Sólo verlo en la foto de la escuela, guardapolvos impecable, jopo revuelto que lo caracterizaría de por vida, la mirada pícara mientras le apuntaba un codo al compañerito de al lado, y te dabas cuenta que (ya entonces) era el gordo hijo de puta en que se convertiría de grande.
Hay momentos claves en la vida, esos actos que lo definen todo. En el caso del Gordo fue esa vez que lo agarraron copiándose en el colegio. La travesura, para otros un incidente en el margen, fue premonitorio. Porque el Gordo, con el mayor desparpajo, lejos de pedir perdón y aceptar avergonzado las consecuencias de su acto, redobló la apuesta y, ante sus padres y la Directora, acusó a la Profesora de mala intención y de que, con clara intencionalidad, revisó su banco, en vez de la de los otros compañeros de curso, por manifiesta animadversión a su persona, lo que invalidaba toda prueba obtenida.
“Lo que estamos discutiendo acá” alzó la voz golpeándose el pecho “Es si alguien tiene el derecho a prejuzgar. Sin ningún motivo, sin ningún hecho objetivo, se me examinó por la presunción infundada de que me estaba copiando. Que lo estuviera haciendo o no, no es motivo de análisis. La discusión es cuán fundada estaba esta presunción y qué valor tienen las pruebas recogidas en tal estado inicial violatorio de la legalidad”.

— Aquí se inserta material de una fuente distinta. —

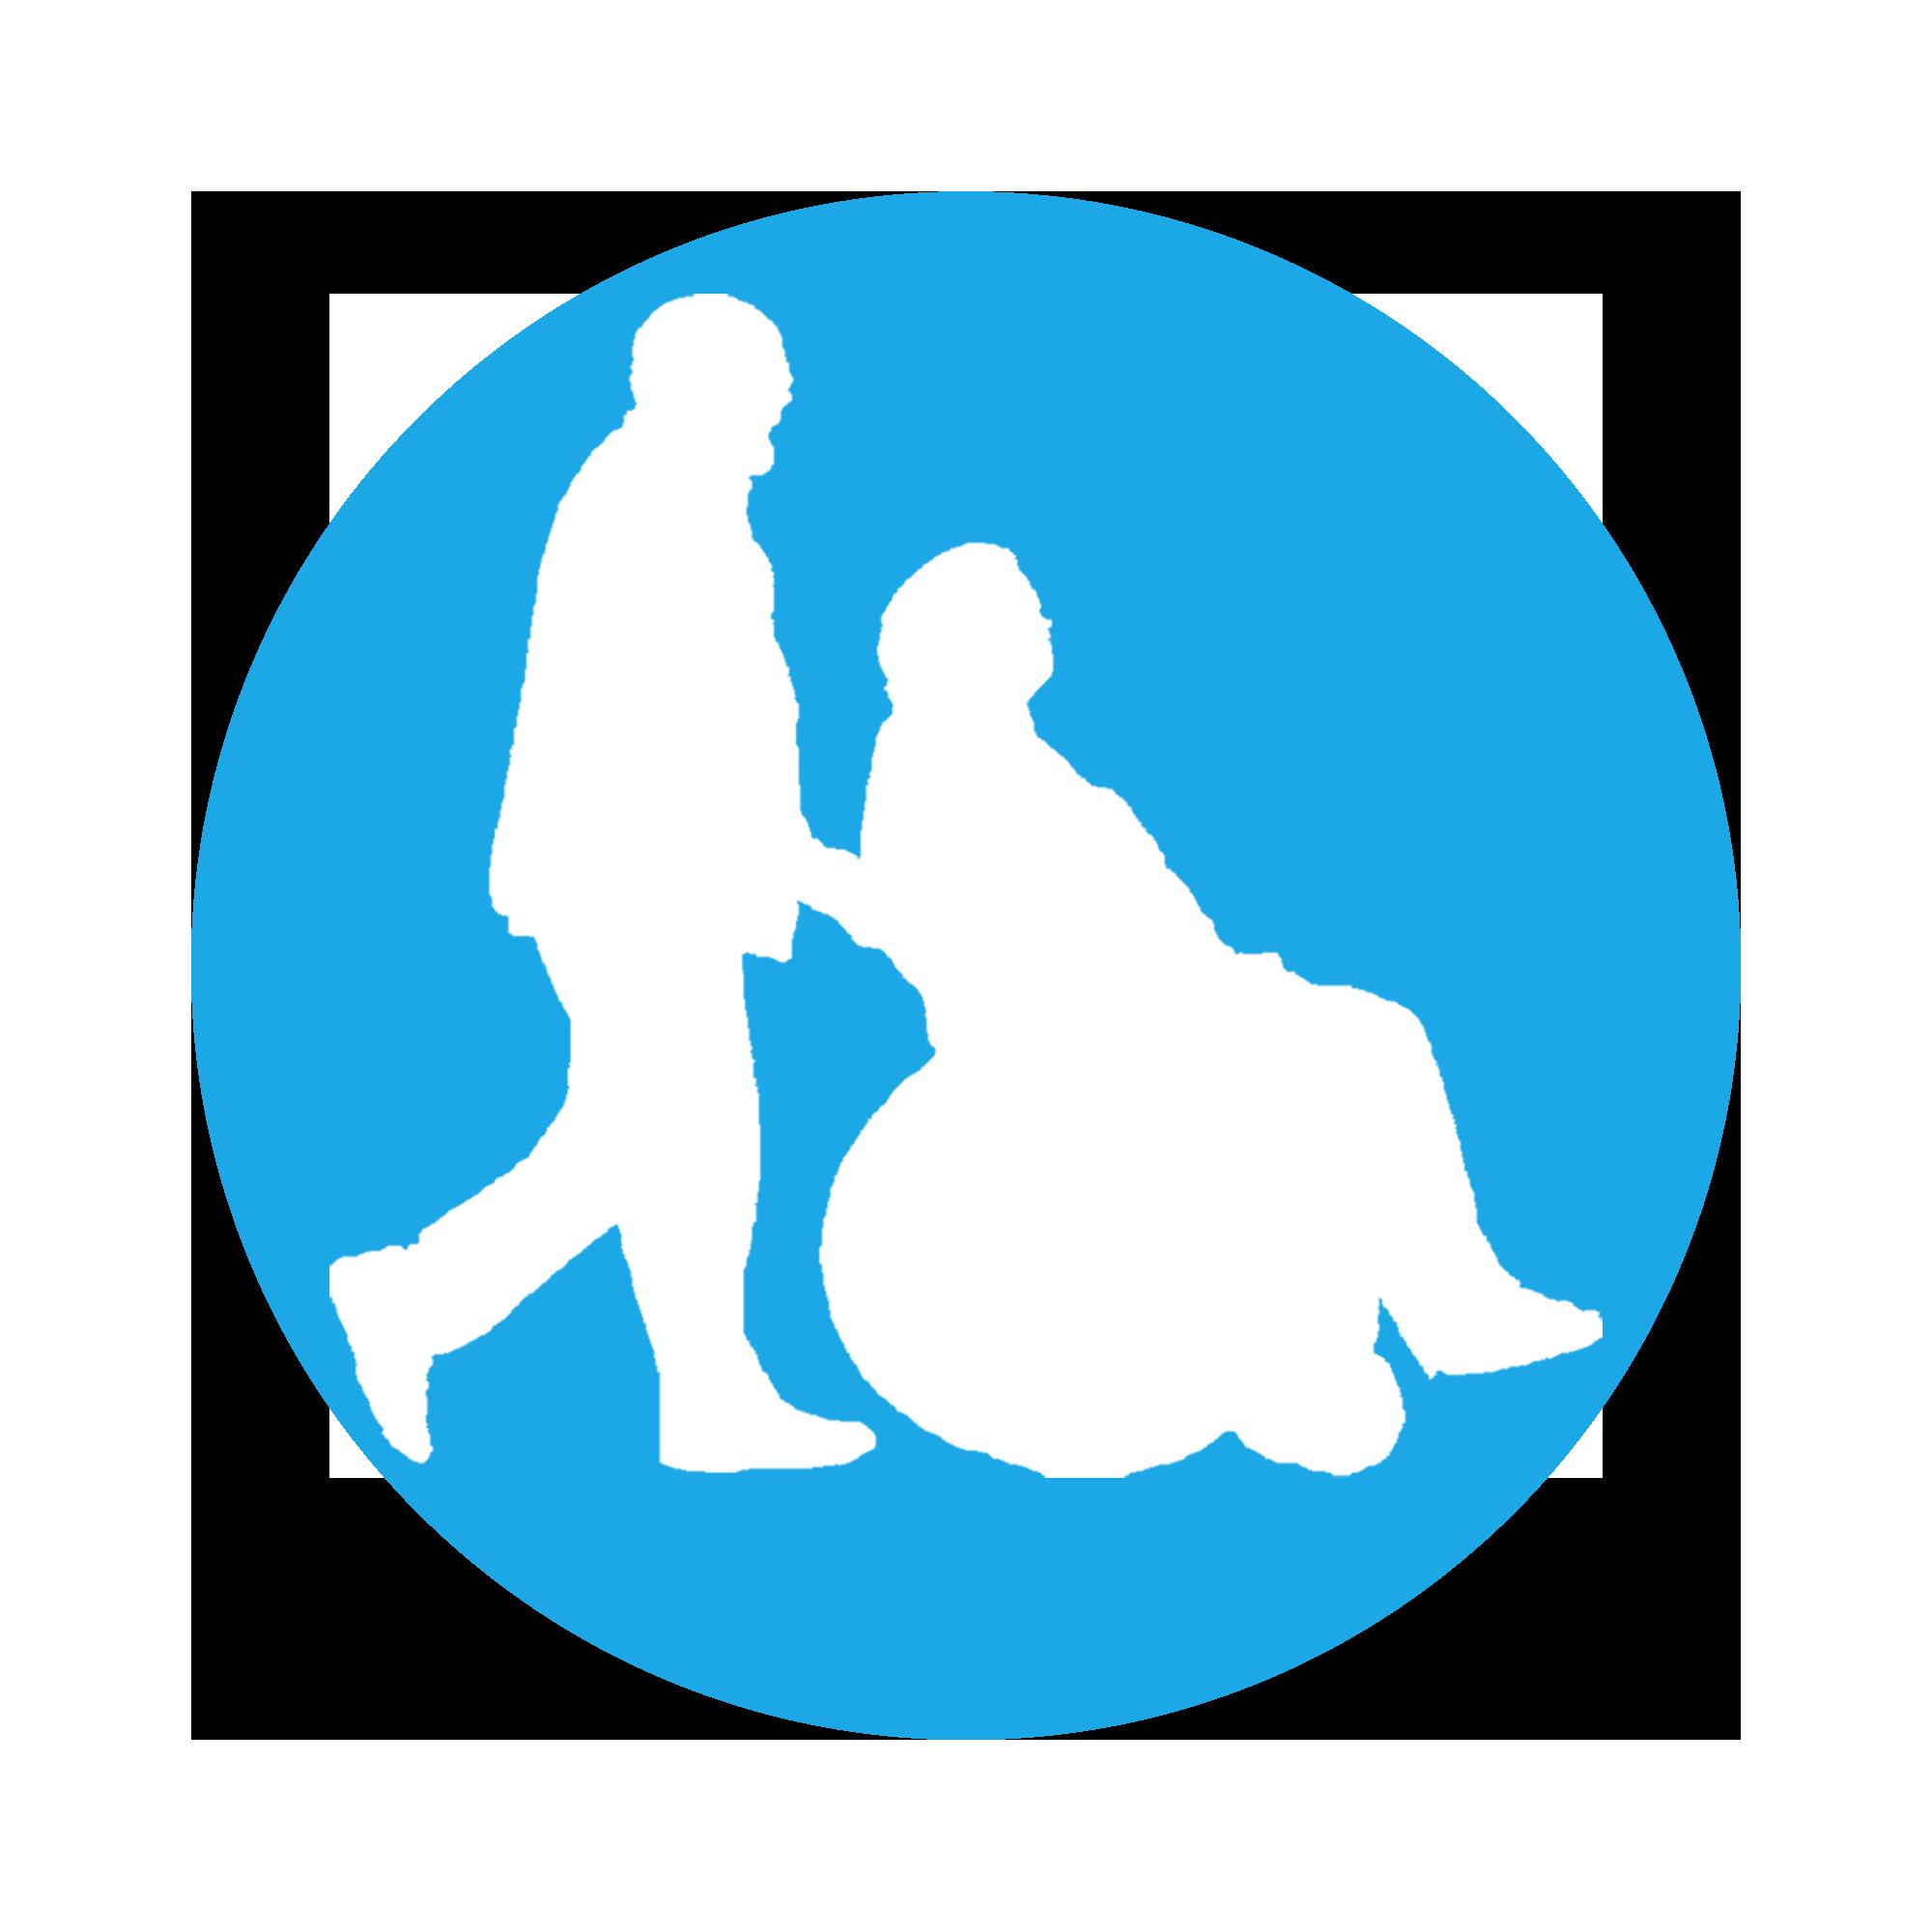 senior caregiver a111lliance logo_edited-1

El léxico utilizado, la cadena lógica de razonamiento, la concatenación de ideas, el despliegue de conceptos jurídicos y el grado de desfachatez, auguraban su futuro promisorio de abogado.
No sólo no le hicieron nada por pescarlo copiándose; también logró que le iniciarán sumario administrativo a la profesora.
Ése día, el Gordo Baez aprendió para que era bueno: había nacido para zafar. Y se propuso zafar para el resto de su vida.
Desde entonces, su derrotero fue en línea ascendente. Se recibió pirateando las materias finales, se dedicó a carroñear en casos mediáticos y embarulló Tribunales hasta hacerse conocido como un abogado de varias cifras de honorarios.
Supo tener mujer, dos hijos, tres amantes; cagó a sus socios y se quedó con el Estudio Jurídico, quebró la empresa que heredó de su viejo e hizo una buena diferencia que invirtió en Miami.
Era el tipo ideal para invitarlo a un asado pero al que no le confiarías ni diez minutos a tu perro. En eso se convirtió el Gordo Báez, un zafador serial.
Pero hubo un día en que la vida lo paró en seco y se creyó que se iba a cortar la suerte. Su tos crónica de fumador se convirtió, exámenes mediantes, en un cáncer de pulmón. Y no era de los mejores cánceres para zafar.
Contra la pared, en largas sesiones de quimio, putéandose por su adicción al tabaco, jurando que no iba a volver a tocar un cigarrillo si zafaba de ésta, lloró su enfermedad en soledad. Apenas lo visitó su secretaria, más para saber cómo llevaría los casos pendientes de estudio si pasaba algo que por algún atisbo de preocupación en su salud.
Contra todo pronóstico, el ahora ex Gordo Baez capeó el temporal y llegó vivo al final del tratamiento. Tambaleándose en el pasillo del consultorio, apoyándose en las paredes, escuchó que el cáncer estaba en remisión y que parecía que, también esta vez, había zafado.
Sonrió, con la misma sonrisa de gordito hijo de puta que lo caracterizaba de chico, y supo que su estrella era zafar.
No. Ni un cáncer agresivo lo iba a doblegar. Había nacido para esto: zafar.
Ya en la calle, el mundo le pareció un lugar chiquito, sin desafíos, totalmente a su merced.
Sacó un faso, lo prendió y fumó con esa sonrisa. Una y otra vez.
Y cruzó la calle donde se lo llevó puesto un colectivo.